To investigate this, 30 students (out of a total of 60 students) were selected as peer assessors, based on their “language skills and motivation” (p. 66); their job was to assess 60 oral presentations together with two instructors in an English for Specific Purposes (ESP) course at the Universitat Politècnica de València in Spain. The grading criteria were made available to all students before the oral presentations and covered delivery, content, organization and language. Following Panadero et al. (2013), the students’ assessments were subsequently compared to that of the two instructors. After the presentation, the students were asked to fill out a questionnaire where questions about their motivation were asked.

The results showed that the student assessors gave the presentations higher scores on average than the instructors. With regard to motivation, a majority of the students marked that they agreed or strongly agreed that peer assessment increased their motivation. These results led the author to conclude that a combination of peer assessment and instructor assessment should be an integral part of foreign language assessment.

In this chapter, Carrió-Pastor provides a clear and well-described account of how peer assessment can be used in an ESP context. She thereby adds to the growing body of research advocating student involvement in the assessment process. As the results showed great promise, it would be most interesting to see if future, slightly more large-scale investigations could confirm the results.

The sixth chapter is the first chapter of the second part of the volume, where accreditation requirements and needs are addressed. It is written by Gillian Mansfield and is titled “The feeling’s mutual? Reflecting on ‘mutual’ as key word in (the) context of fostering language centre collaboration and intercultural competence”. Here, the author explores “the ways in which the European Confederation of Language Centres in Higher Education (CercleS) works in mutual agreement and recognition of its members’ work” (p. 77); she then proceeds to give suggestions for how CercleS can “extend mutual recognition further in the concept of the other” (p. 78).

After having explored the semantics of the word “mutual”, Mansfield discusses CercleS in relation to the Council of Europe and to European language policy. She then brings up English as a Lingua Franca in business contexts (BELF) as a possible alternative model for how to view non-native-speakers of English. Concepts such as “intercultural communicative competence” and “intercultural competence” are also discussed.

Based on this discussion, Mansfield emphasizes the need for increased awareness of “the other”, in the sense that participants in intercultural encounters should focus on acceptance of cultural differences, rather than imposing “one’s own as the expected norm” (p. 97). Based on this, she suggests that a new CercleS focus group should be implemented with the aim of better integrating intercultural competence in language classes. Such a group would, among other things, “further a mutual understanding of the other” (p. 99).

In this chapter, Mansfield argues convincingly for the need for increased focus on intercultural competence in EFL teaching. In an inspirational manner, she provides a helpful overview of CercleS and its mission and discusses concepts of great relevance to language teachers.

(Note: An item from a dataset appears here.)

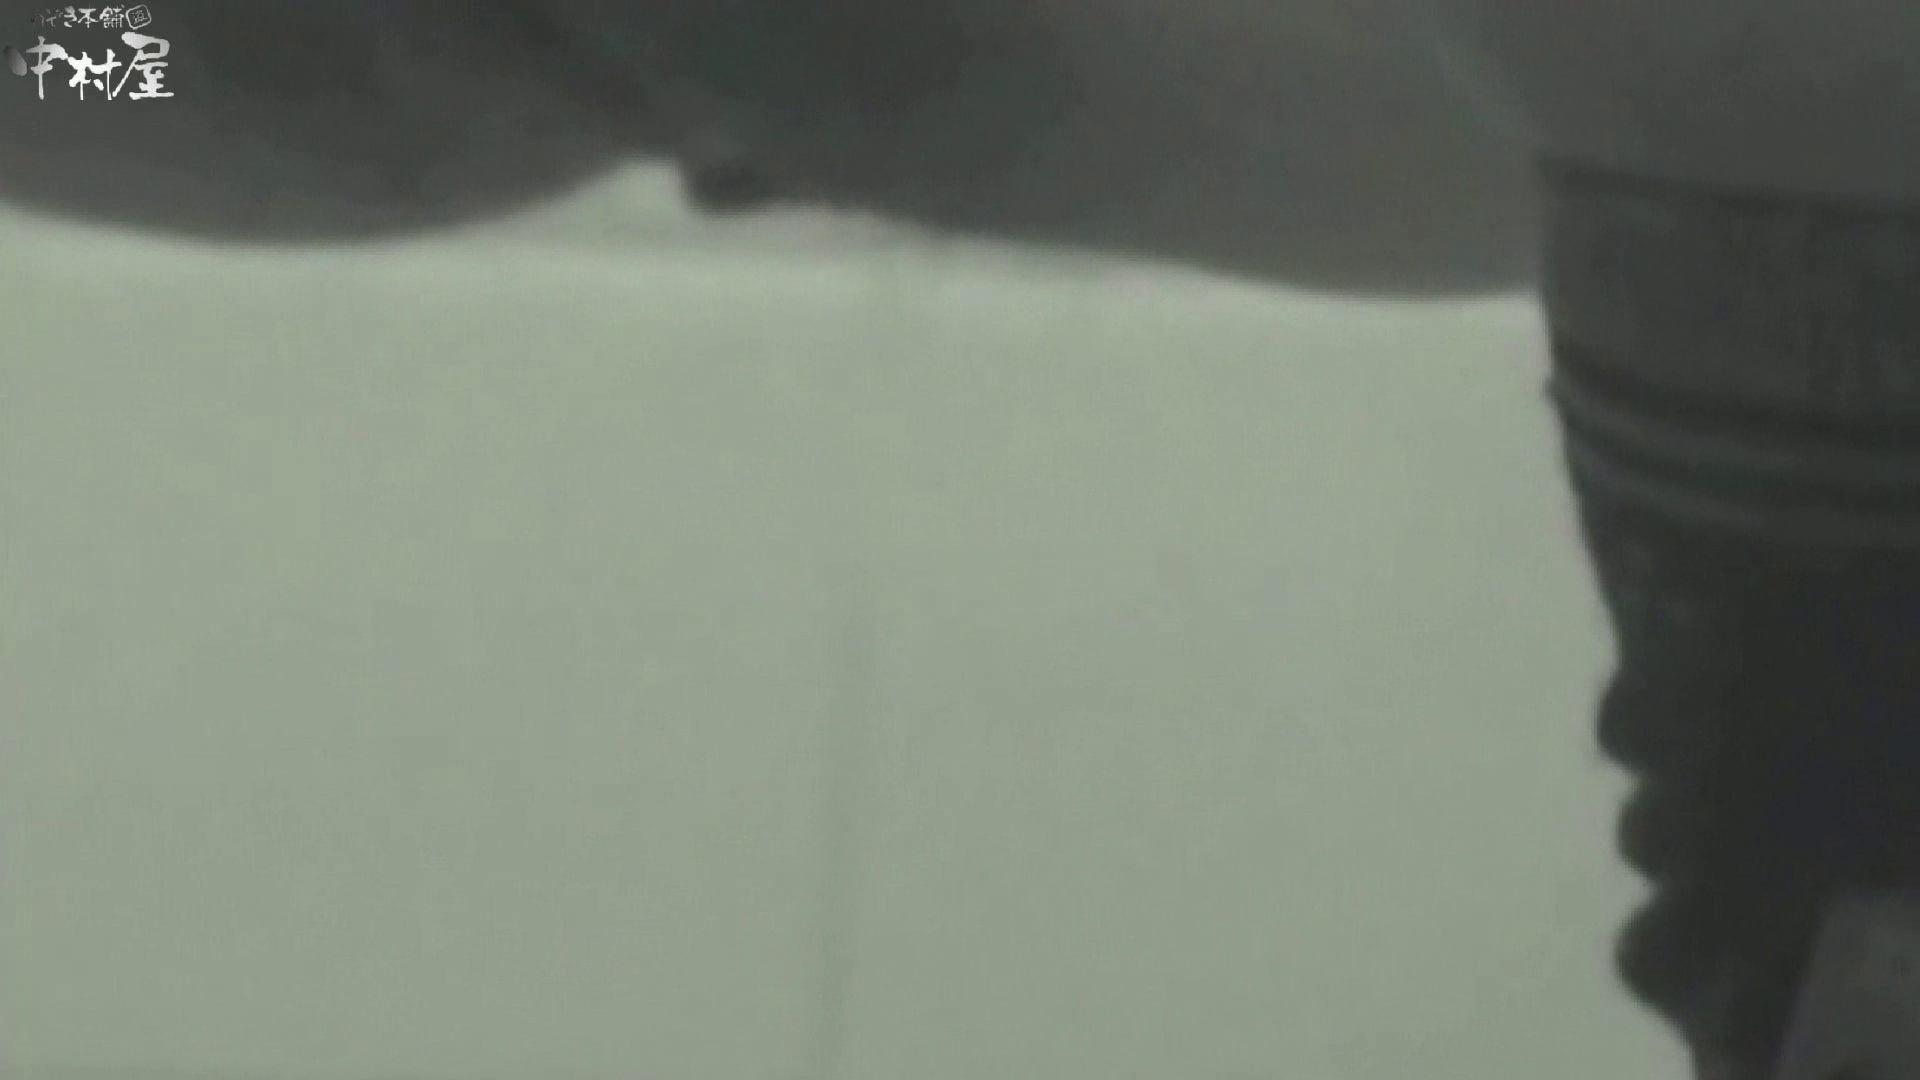 解禁!海の家4カメ洗面所vol.08 人気シリーズ | 洗面所  71pic 60

The seventh chapter, “Local and global accreditation needs: Quality, sustainability, and the role of the CEFR”, is written by Neus Figueras. It discusses the Common European Framework of Reference (CEFR) and the impact it has had on local assessment systems. The chapter also addresses potential challenges for such systems with regard to sustaining quality over time.

The chapter begins with a general overview and background of the CEFR, where it is, among other things, stated that this framework aims to reconcile “two apparently divergent ends in Europe”, namely diversity and standardization (p. 109). The author subsequently groups different kinds of exams offered in Europe into categories based on the purpose of these exams (for receiving a degree vs. a language certificate, etc.).

As pointed out by the author, there are, however, threats to the longevity of any such exam systems. The first threat mentioned is financial in character; since it is a challenge to keep a project going after the initial enthusiasm has faded; permanent staff and budgets are necessary. The second threat is political, as policies issued can change the original direction of any projects.

Through this chapter, the reader gets a helpful overview of the CEFR and how it is used at institutions around Europe. In addressing possible issues pertaining to sustaining exam systems, the author also adds valuable suggestions as to how to avoid these issues from threatening the systems’ continued existence, which will most likely be of help to practitioners and administrators alike.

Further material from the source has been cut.